Srinivasan Venkatasubramani
Expert 1455 points
Part Number: F28M36P63C2


Tool/software: Code Composer Studio

Hello all,

i am having an issue i with my ADC configuration. Please see attached images. There are three sinusoidal sync pulses of same amplitude but different phases being read by three ADC channels. Each of the channels have to read this sync pulse and an additional DC offset calibrated in my docking board. The ADC conversions of the three inputs are SOC2, SOC3 and SOC4. But when i look at the ADC results in the watch window(see image attached of watch window),  I can only see SOC3 and SOC 4 update its values. SOC2 remains frozen and only reads the DC offset much like other ADC results in the image.
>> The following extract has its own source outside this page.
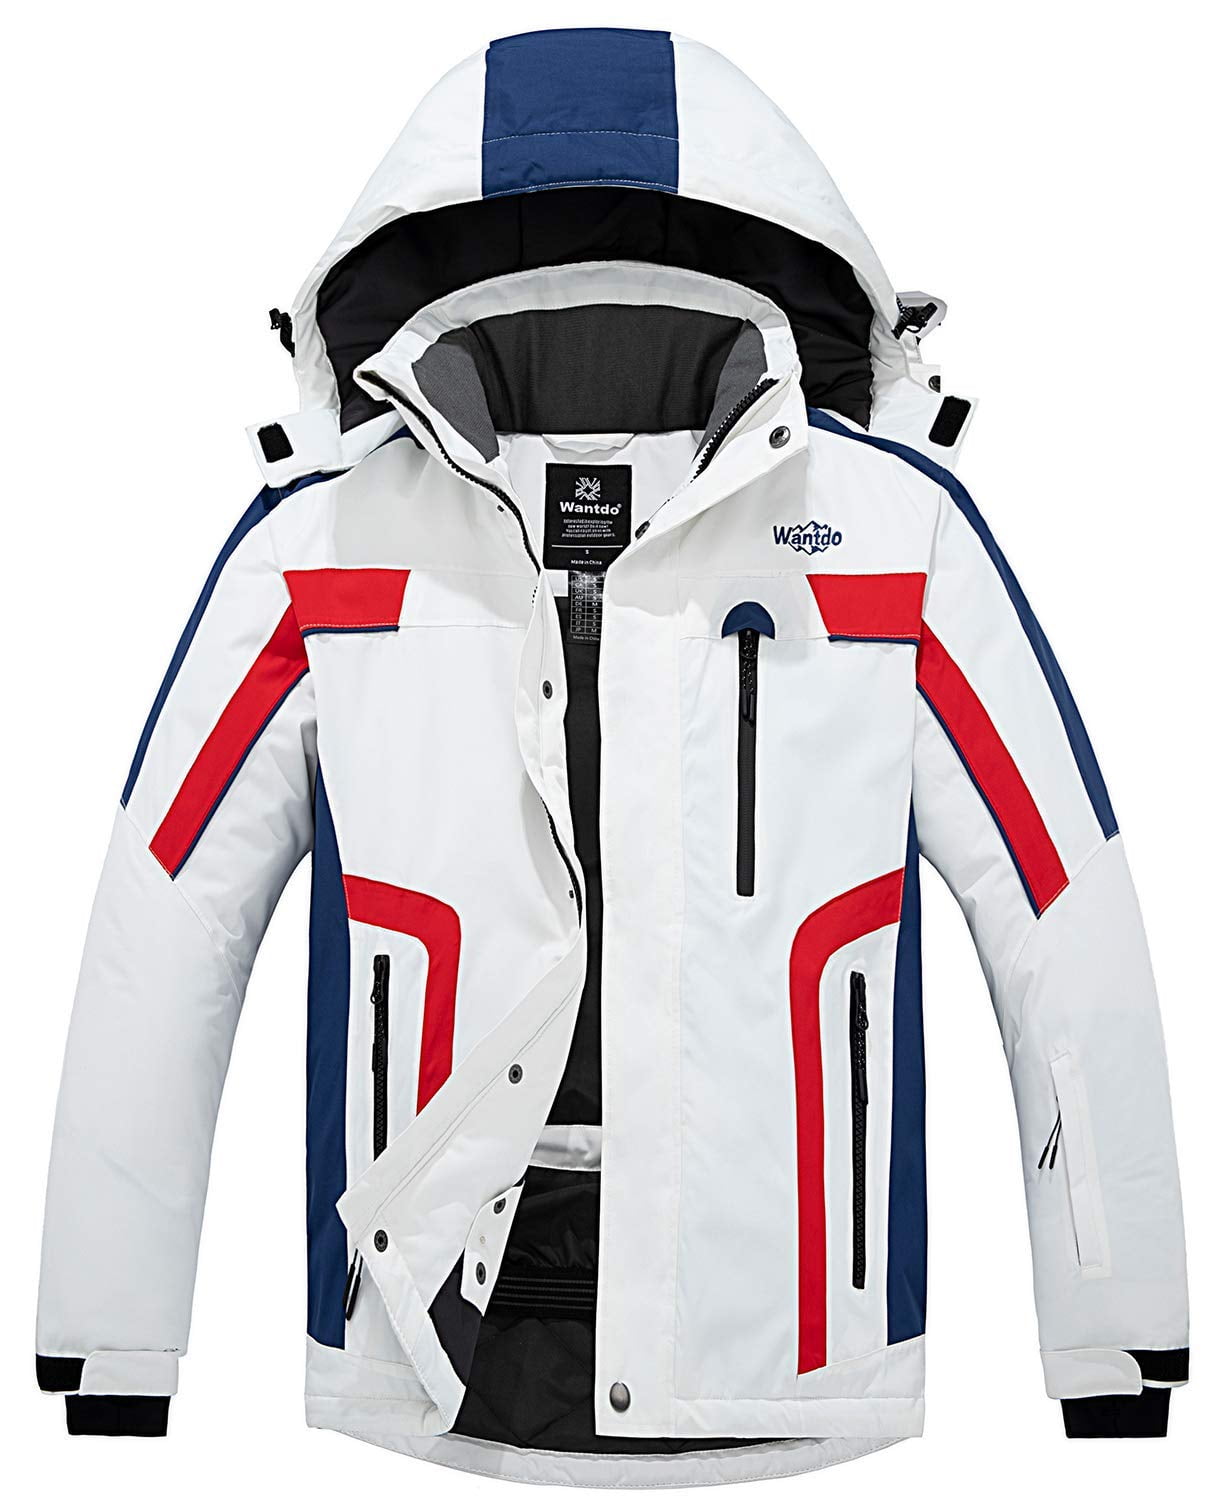 Wantdo Men's Ski Jacket Warm Winter Waterproof Parka Windproof Coat Navy  Size L - Walmart.com

What could cause this to happen?? i can rule out hardware issues as i measured the offset on the respective pins and also measure the sync pulses to be identical in amplitude and physically checked if that voltage is being fed into all three pins.

The issue is only with SOC2 and the peculiar thing is when i change SOC2 to other adc channels, the problem persists, which leads me to believe it must be something to do with the ADC configuration.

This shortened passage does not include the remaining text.